I’m a big fan of On/Off data, which compares a team’s point differential with a player on the court versus when he’s off the court. I’ve referenced it frequently in the past and think it’s one of the more telling reflections of a player’s value to his team in the advanced stat family.

The nice part about On/Off is that it represents what actually happened. The problem with On/Off is it ignores the reasons why it happened. And sometimes, it creates a fuzzy picture because of it.

For example, let’s suppose Kobe Bryant plays the first 40 minutes of the a game and injures his ankle with the score tied at 80. LA wins the game 98-90. The Lakers were dead even when he was in the game, and +8 with him out of the game – Bryant’s on/off would be -8.

In this case, sample size is an issue. But that becomes less of a problem over the course of an entire season. The real concern is the normal variance involved in everyone else’s game. Practically speaking, it takes little outside the norm for Kobe to have played 40 brilliant minutes while his teammates missed a few open shots, and for the opponent to miss a few open shots down the stretch while Kobe’s teammates start hitting them.

The tendency is to look at a result like that and conclude that Kobe hurt his teammates’ shooting and when he left the game it helped their shooting. He very well may have by not creating good looks for them.

Then again, players hit unguarded 3-pointers about 38% of the time. Which means if the average shooter attempts five open 3-pointers, he will miss all five about 10% of the time, simply based on the probabilistic nature of shooting. A fact that has little to do with Kobe or any of the other players on the court.

In our hypothetical situation, all it takes is an 0-5 stretch from the opponent and a 3-5 stretch from LA to produce Kobe’s ugly -8 differential. The great college basketball statistician Ken Pomeroy ran some illuminating experiments on the natural variance in such numbers. His treatise is worth the read, but the gist of it is that his average player — by definition — produced a -57 on/off after 28 games (-5.7 per game) due to standard variance in a basketball game outside of that player’s control. Think about that.

For fun, I just ran the same simulation and my average player posted a +5.6 rating of his college season:

Average Player Simulation

So in two simulations, the average player’s On/Off ranged from -5.7 to +5.6. One guy looks like an All-Star, the other like an NBDL player.

“The Team Fell Apart When Player X Was Injured”

This is a common argument for MVP candidates: Look at how the team fared when he missed a few games and conclude the difference is the actual value a player provides to his team.
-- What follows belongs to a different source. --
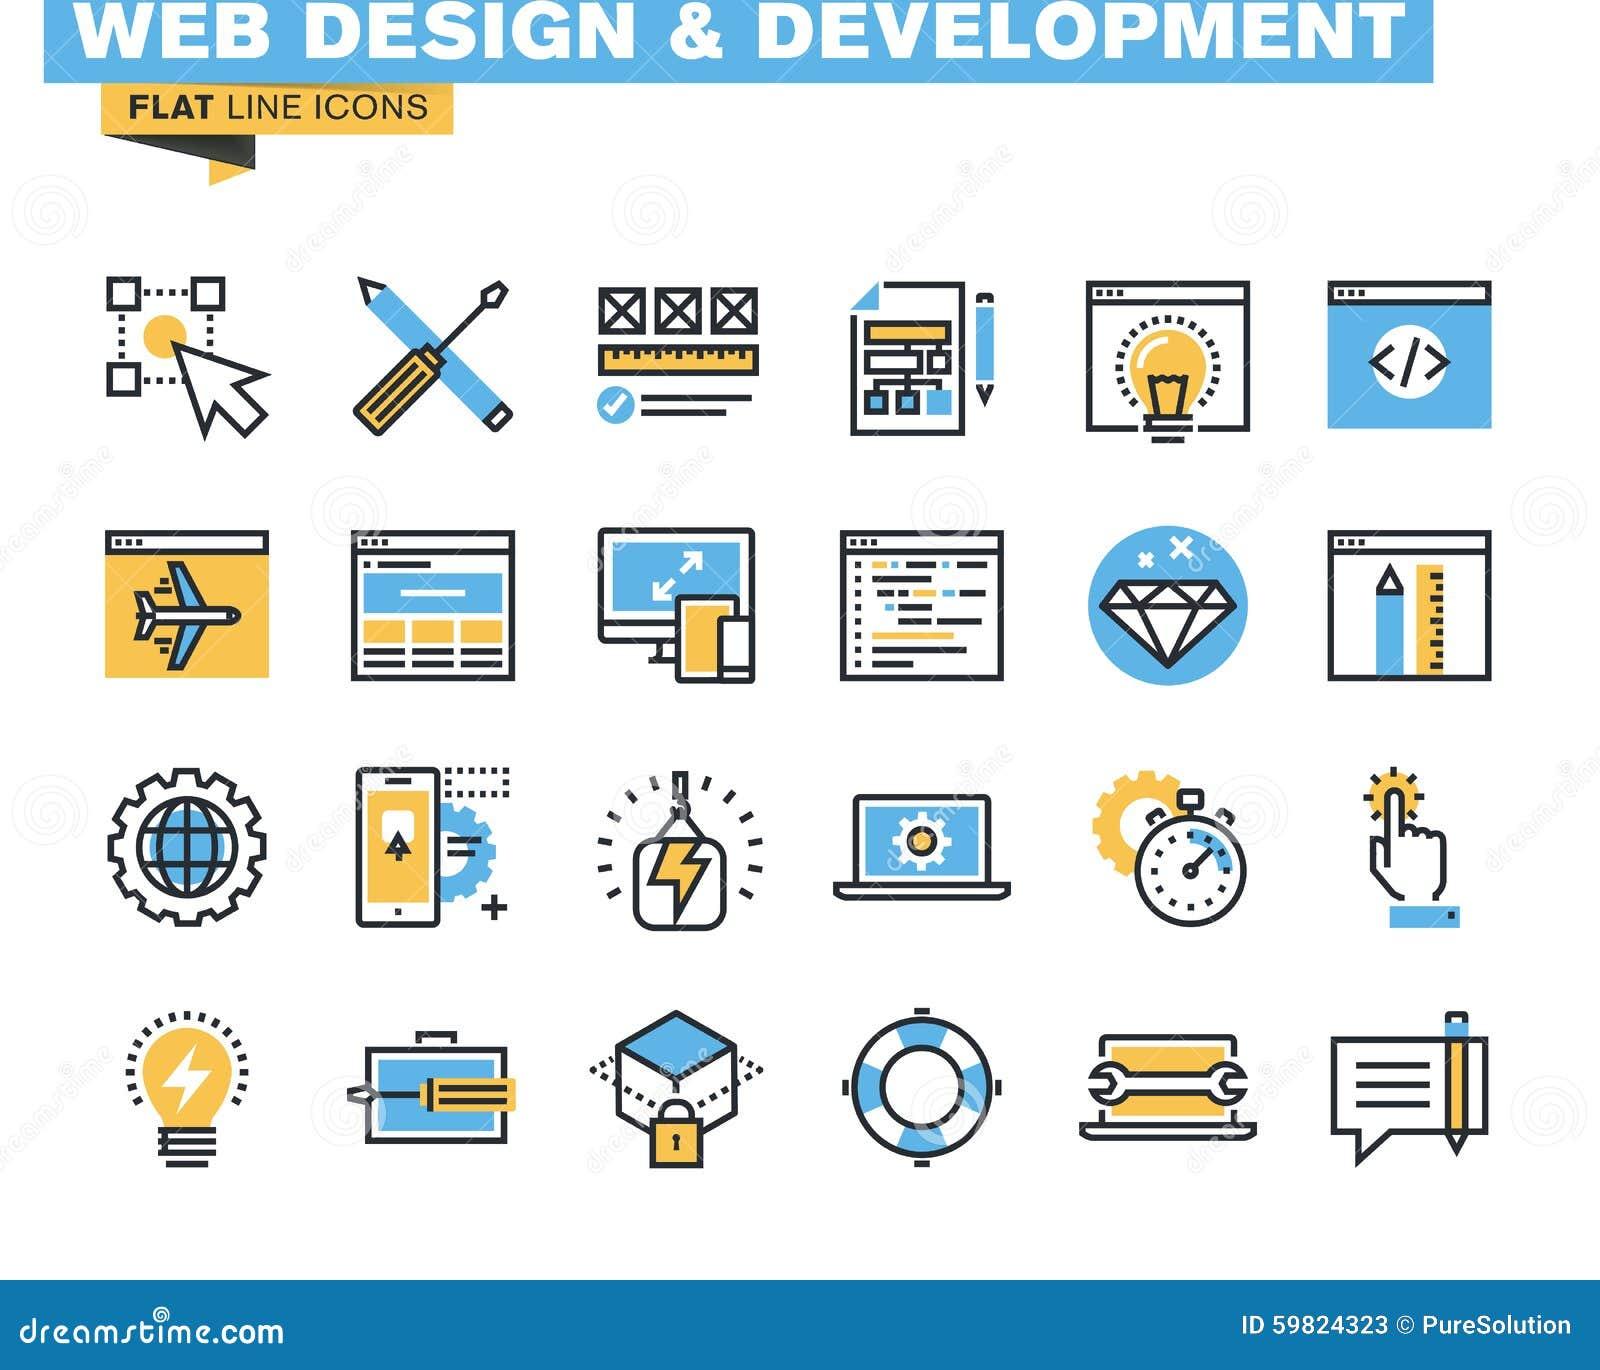 Καθιερώνον τη μόδα επίπεδο πακέτο εικονιδίων γραμμών για τους σχεδιαστές και τους υπεύθυνους για την ανάπτυξη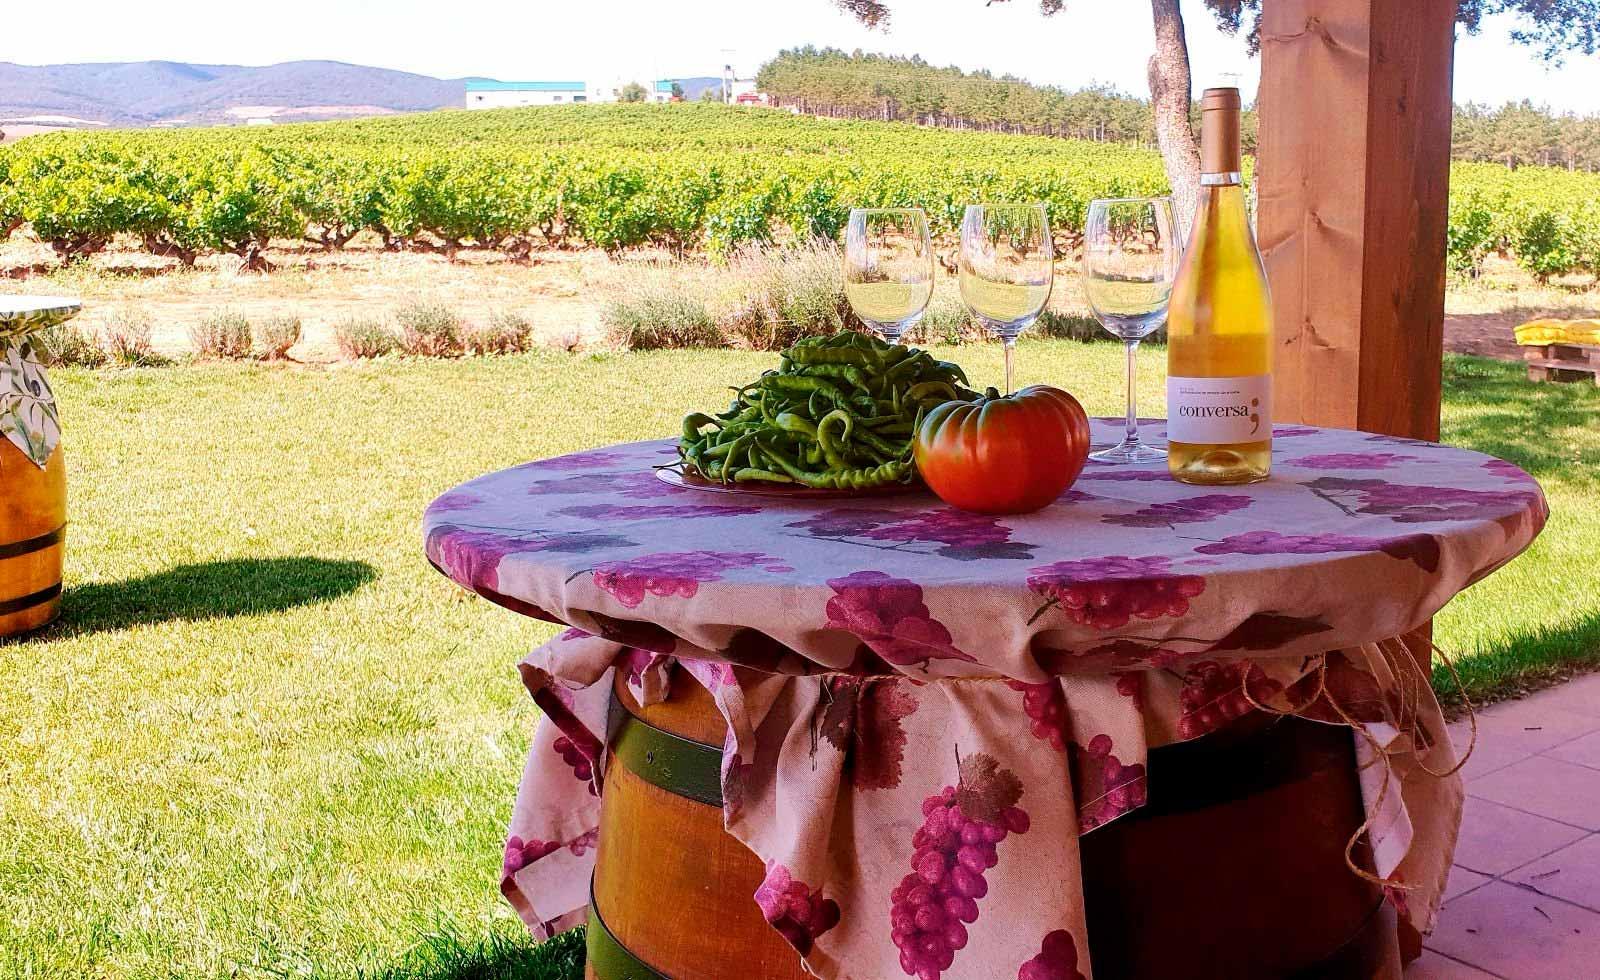 Comprar blanco Rioja Conversa, de Finca Vistahermosa

Only this line of thinking runs into the same problems we saw above with on/off data.

Let’s take Dirk Nowitzki and this year’s Dallas Mavericks. In 62 games with Dirk, Dallas has a +4.9 differential (7.8 standard deviation). In nine games without Dirk, a -5.9 differential (7.5 standard deviation).

Which means, with a basic calculation, we can say with 95% confidence that without Nowitzki, Dallas is somewhere between a -1.0 and -10.8 differential team. Not exactly definitive, but in all likelihood they are much worse without Dirk. OK…but we can’t definitively say how much worse they are.

In a small sample, we just can’t be extremely conclusive. In this case, nine games doesn’t tell us a whole lot. New Orleans started the season 8-0…they aren’t an 82-win team.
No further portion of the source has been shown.